To which sources should this patch be applied?

Timo

----------

## donking

Does anyone have info about whether this patch is working or not? If it somewhere works, please post. I've patched the gentoo-dev-sources-2.6.9 with above mentioned patch, which should use the same inode numbers on both server and client. I really don't know if the kde prob is related to this, but I hoped. In my case it seemed not, but maybe someone made it up working, maybe even without the patch.

thanks in advance

-klimklim

----------

## andyknownasabu

 *MrTV wrote:*   

> hi,
> 
> [...]
> 
> To which sources should this patch be applied?
> ...

 

Without looking at the patch I would assume the vanilla kernel.

----------

## zeb

There is a KDE / kio bug open at:

http://bugs.kde.org/show_bug.cgi?id=92347

Vote for the bug to give it the attention it deserves.

----------

## merky1

Looks like the KDE folks have picked up on the issue... 

Latest workaround here...

http://lists.samba.org/archive/linux-cifs-client/2004-December/000612.html

----------

## taiger

 :Crying or Very sad: 

I have the same problem cifs /kde3.3.1

but my kernel is 2.6.10-rc2-mm4

----------

## zeb

The problem persists in 2.6.10-rc3, but this workaround did the trick.

----------

## taiger

ok, i'm rebuilding my kernel,

thanks

----------

## taiger

thanks, now cifs work.

Cifs Is very fast.

Bye

 *zeb wrote:*   

> The problem persists in 2.6.10-rc3, but this workaround did the trick.

 

----------

## taiger

 :Shocked: 

cifs is very fast but also very dangerous

I open two file with Quanta ad this file are deleted,  sizes are 0kb.

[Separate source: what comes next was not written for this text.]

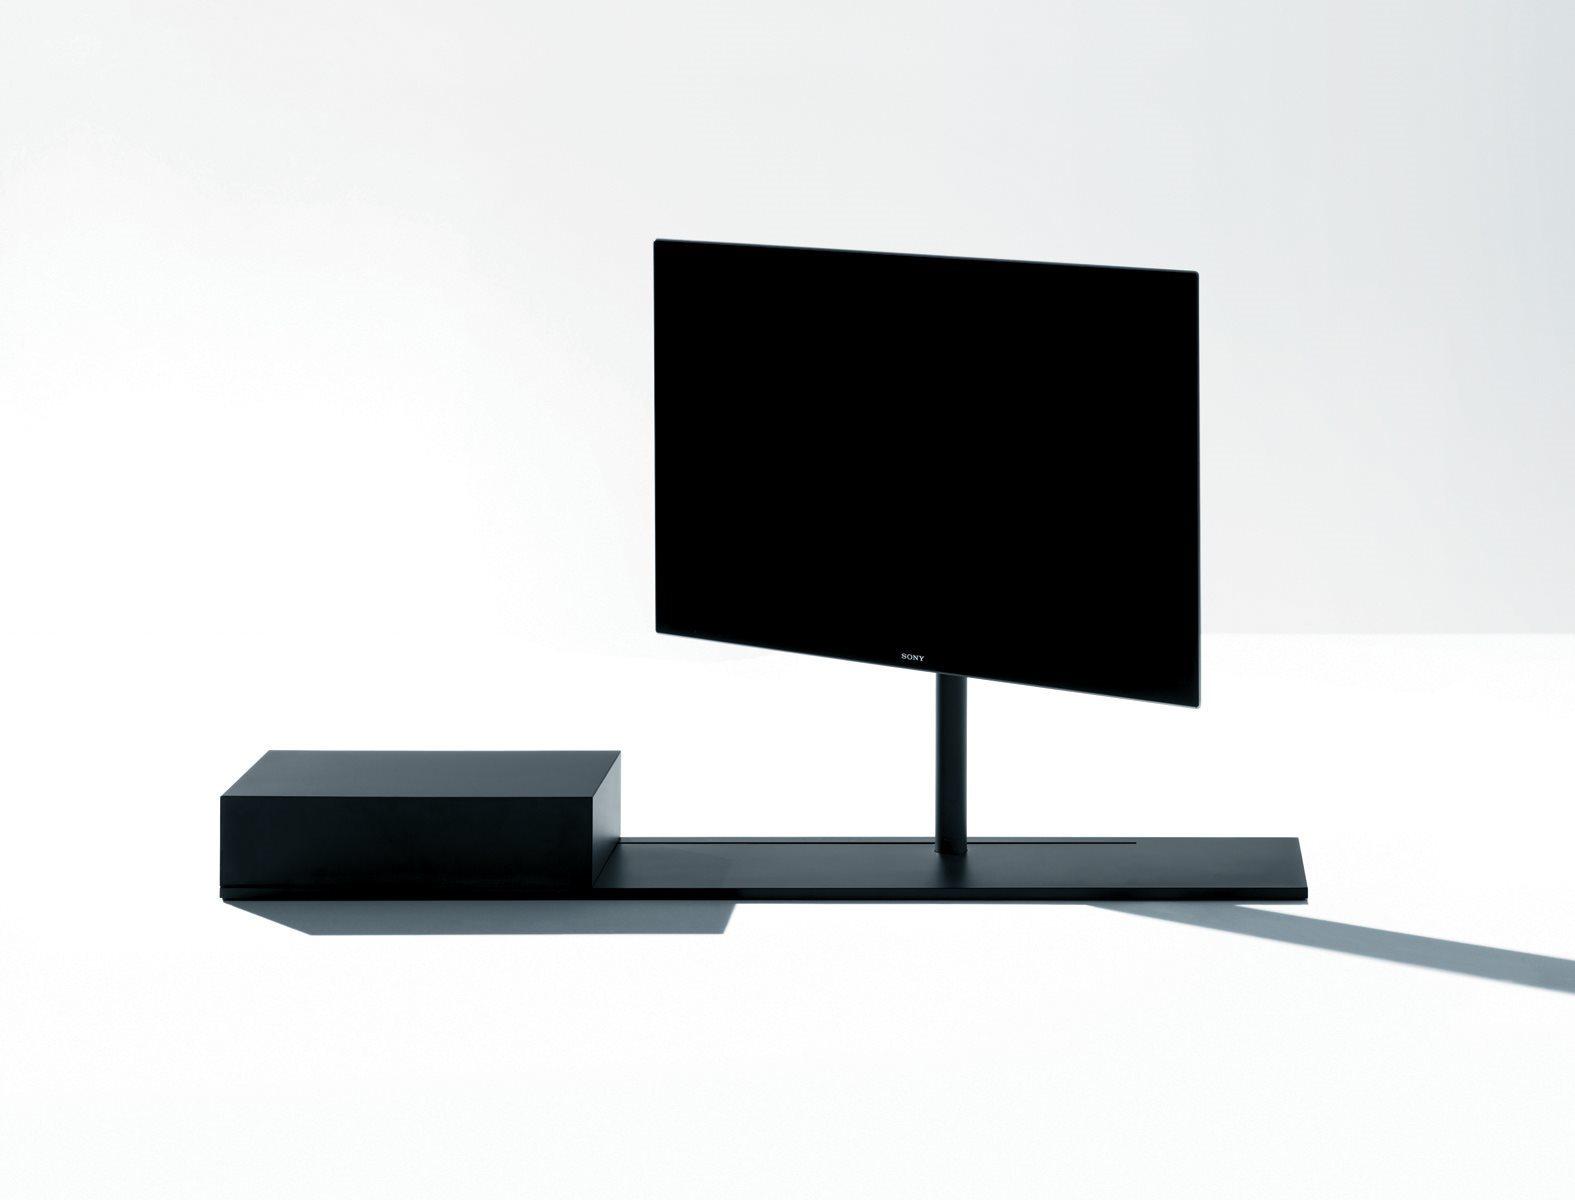 Sail 302 TV Stand System B06, H 94cm, No Shelf, W 190cm, Right TV Positioning, B59 Matt Black

thanks to backup system, my work is save.

I mount dir as:

echo "mount.cifs //xavier/webapps xavier/webapps/ -o uid=tigre,gid=users,dmask=770,fmask=770

but now umount all cifs.... 

 :Rolling Eyes:   :Sad: 

----------

## Vermyndax

Can anyone tell me what they executed to get this to patch?

----------

## taiger

you can manual patch the file, comment two row of cifsfs.c and recompile yoour kernel.

Bye

 *Vermyndax wrote:*   

> Can anyone tell me what they executed to get this to patch?

 

----------

## merky1

Looks like 2.6.10-gentoo-r1 fixes the problem.

----------